If you’re like a lot of people, you enjoy snacking on dried fruit. Have you ever stopped to think about how the idea of drying came about? Drying fruit has been around for centuries and is the process of extracting most of the original water content from the fruit. When fresh food was tougher to come by, having dried fruit on hand stood in place of fresh fruit in our diets. The main idea of drying fruit was to help preserve it; dried fruit lasts a lot longer than fresh fruit and is a lot easier to keep on hand. It is sweeter than fresh fruit because the natural sugar content is more concentrated.

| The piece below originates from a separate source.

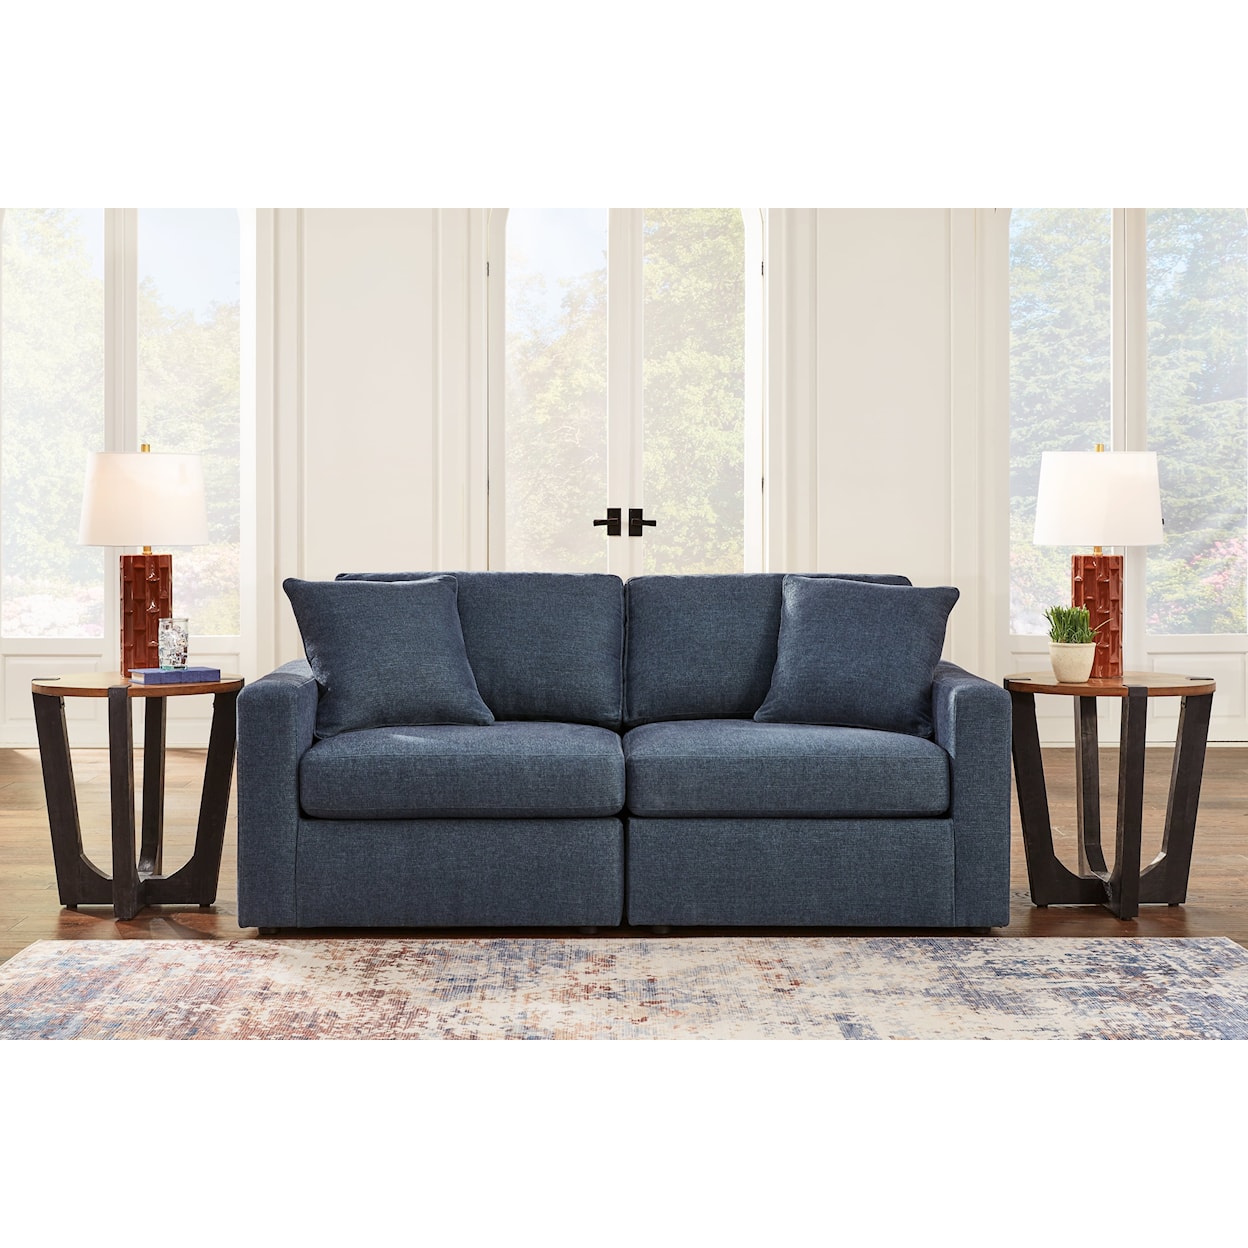 Signature Design by Ashley Modmax 2-Piece Sectional Loveseat

Some of the earliest records of dried fruit can be found on clay tablets and in wall paintings dating back as early as 2000-1700 B.C. in Mesopotamia (01). There are multiple mentions of dried figs and raisins in the bible. From there, dried fruit kept making its way out west. Eventually, centuries later, Spanish missionaries introduced California to the ways of grape cultivation in the mid-1800’s and the first main California raisin crop took place (03). To this day, raisins are still the number one consumed dried fruit across the globe and might be the oldest dried fruit known to history with over half of them being produced in Bella Viva Orchards’ neighboring San Joaquin County (03). Dried plums were right alongside the same timeline as raisins, becoming a California staple in the mid-late 1800’s (04). Other popular dried fruits include apples, apricots and berries. By the early 1900’s, the California commercial dried fruit industry was booming (05)!
What Has Changed?
Over the past few decades, the strategies behind drying fruit have changed. Today, various dried fruit methods include sun-drying, freeze-drying and by dehydrator. Depending on which technique is used can determine the outcome of look and flavor of the fruit at hand. Although now we have more access to fresh fruit than ever before, the popularity in dried fruit has been on the rise in recent years. Dried fruit has an incredibly longer shelf life than fresh e.g., a fresh peach might be able to last just about a week on the counter while a dried peach can last roughly a year and still be good! A couple other utilizations for dried fruit are incorporating the dried fruits into countless recipes and having some stocked up in your emergency go-bag. Today at Bella Viva, we offer dozens of different varieties of dried fruit that range all over the palate board from sweet to tangy. From candied pineapple and cantaloupe to organic nectarines and pomegranate arils, you’ll be eating a nutritious snack whether you’re on a hike or lounging around the house. So, no matter where you’re at, make certain to take your favorite choice of our dried fruit with you!